The gleaming, wheel-shaped vessel, brighter than a full moon, was plainly visi
ble across the street, where NESEA, the Naval Electronic Systems Engineering Activity, occupied Webster Field. This was a small office building and workshop, and two short runways. The modest little airfield would have been a logical place for an airborne vehicle to land. And General Electric did research and make tracking and fire control systems for the Navy, but was hardly worth flying from Mars to come see, much less from a point far outside the Solar System somewhere in the direction of the constellation Aquila. So it might have been a coincidence that the vessel came to rest here.
It was a cloudy and windy night, so the gleaming disk of ghostly, luminous substance some thousand feet in radius, was sometimes visible and sometimes not.
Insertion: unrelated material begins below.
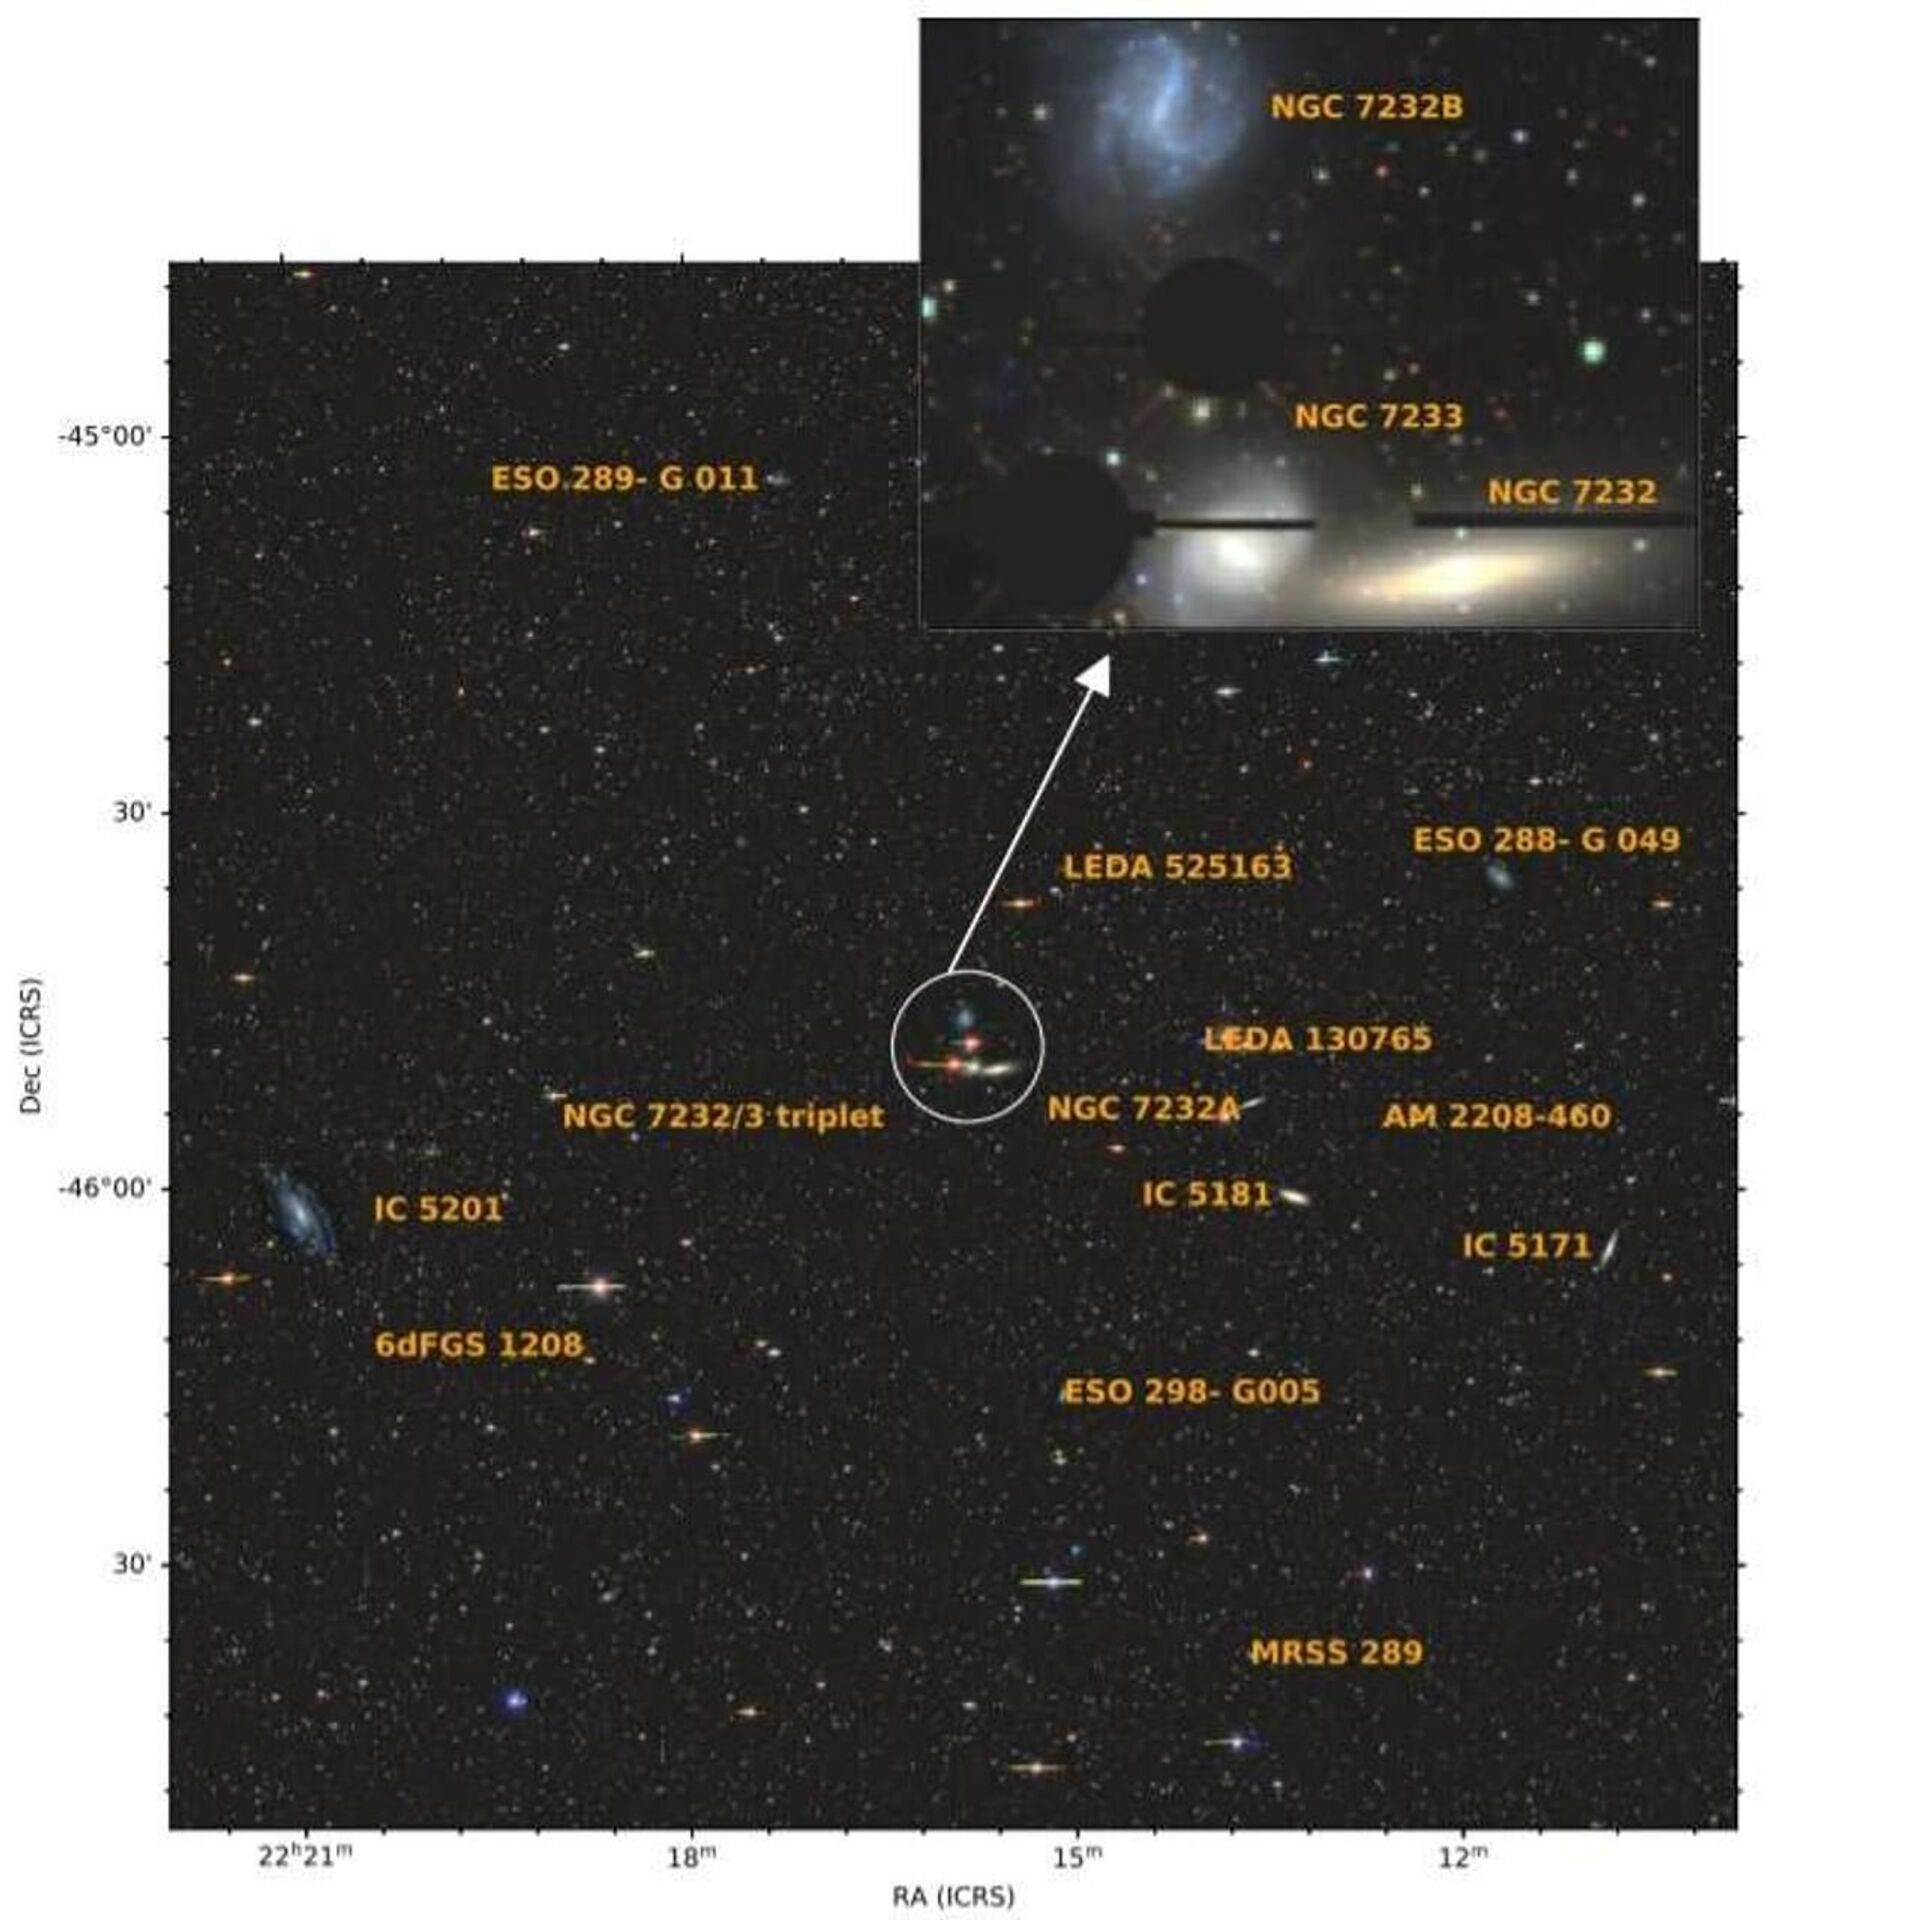 Astrônomos encontram enormes 'destroços de galáxias' nas proximidades da Via Láctea (FOTO) - Sputnik Brasil, 1920, 03.06.2021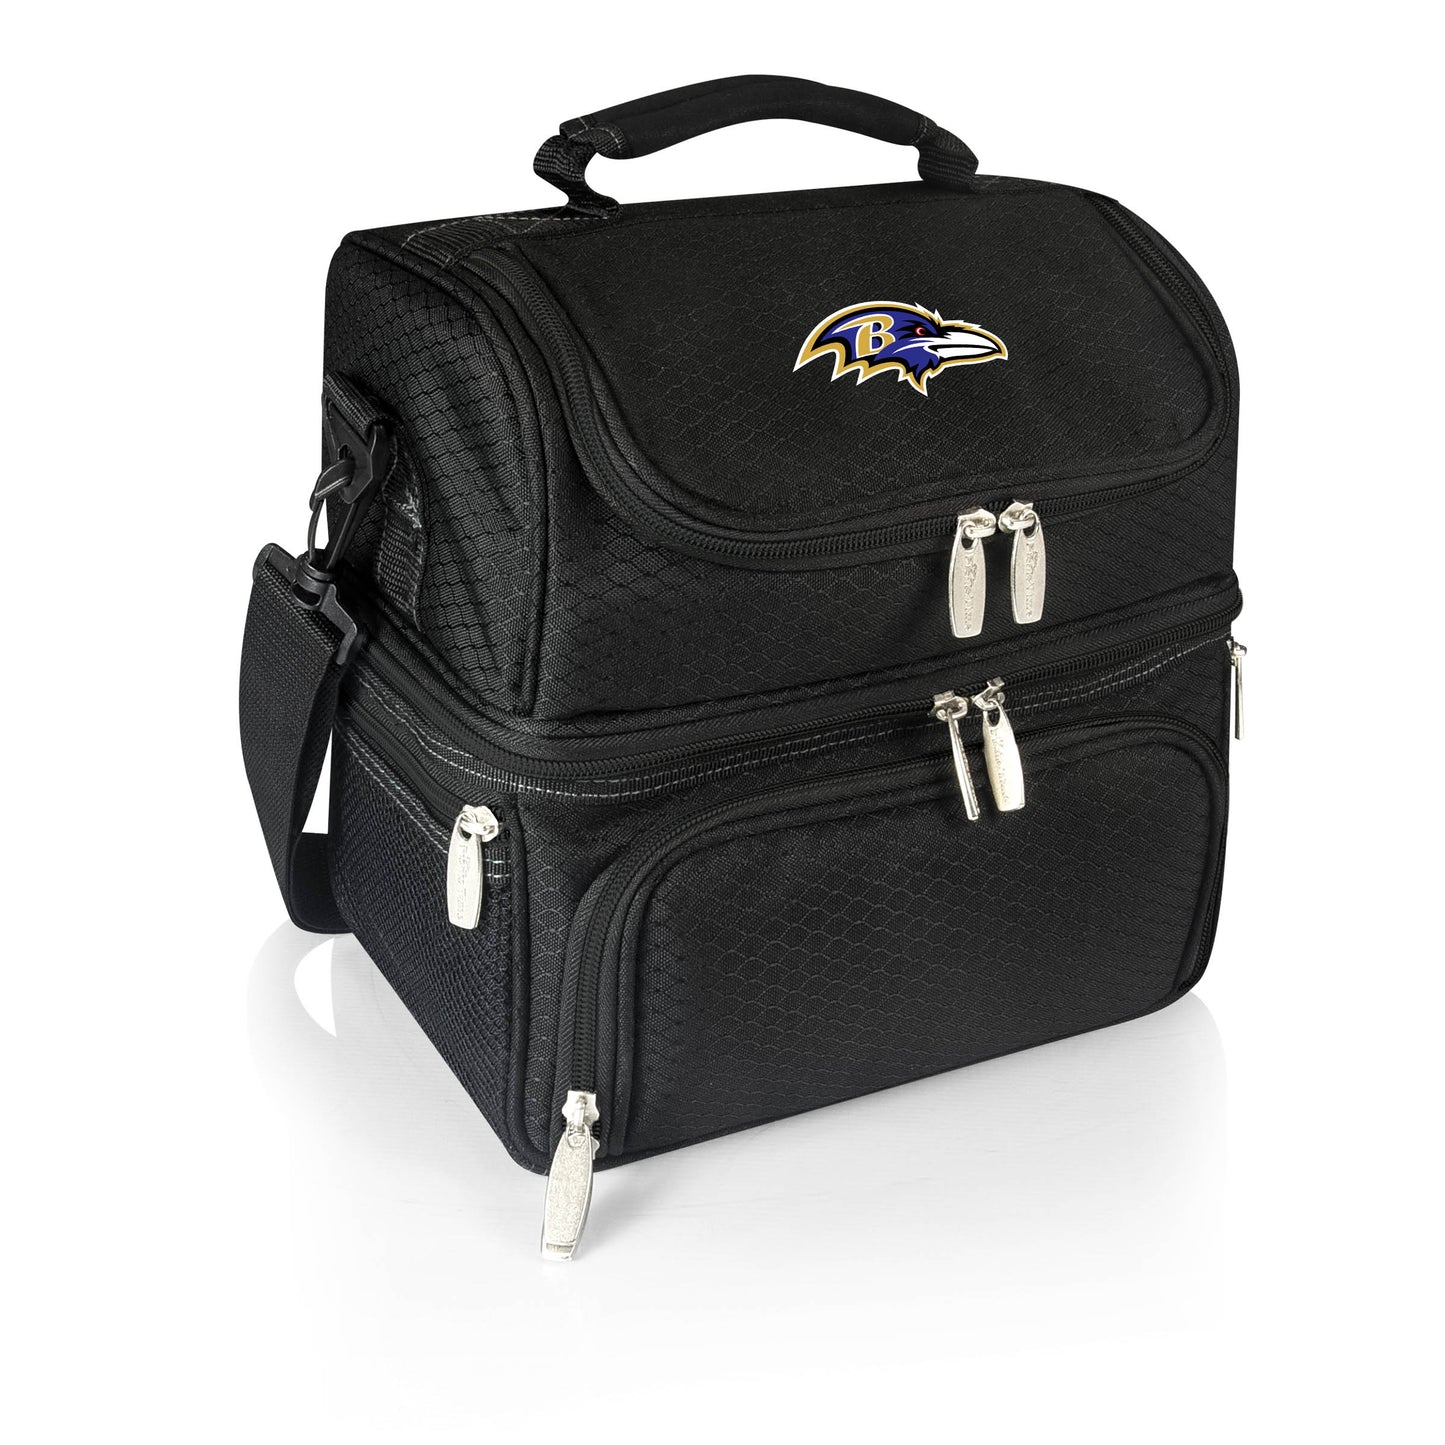 Baltimore Ravens - Pranzo Lunch Cooler Bag

When the cloud covered her, the vessel's shining energy envelope looked like a vast blind owl's eye peering through fogs and smokes. Aircraft from the nearby Patuxent River Naval Air Station flew in narrowing circles around the monstrous vessel, which was large as an aircraft carrier.
One of the helicopter pilots, Lt. Joseph Cupertino Tyler of Helicopter Antisubmarine Squadron HS 8, was a local boy, and spoke with a trace of the distinctive 'Smith Island' accent. It was he that first noticed that the center of the immense disk was exactly above the St. Ignatius Church located on Villa Road.
Energy from the disk was jamming all radio signals within a mile of her. The aircraft, both fixed wing and rotary wing, were communicating with ground observers by heliograph. At midnight, Tyler signaled the ground crew with his spotlight, and landed his LAMPS Mk III Seahawk helicopter at the NESEA Airstrip. He reported to the deck officer that he had seen 'strange flashes' issuing from the hovering saucer, and said trouble with electrical systems required him to land. No other of the score of observers on the site at that time confirmed this report, or experienced any difficulty with their avionics.
Nonetheless, Colonel Turvold, who was in overall command of the operation at the moment, was eager to have the data from the nose-mounted infrared turret examined, and ordered the Seahawk to stay on the ground while it was examined.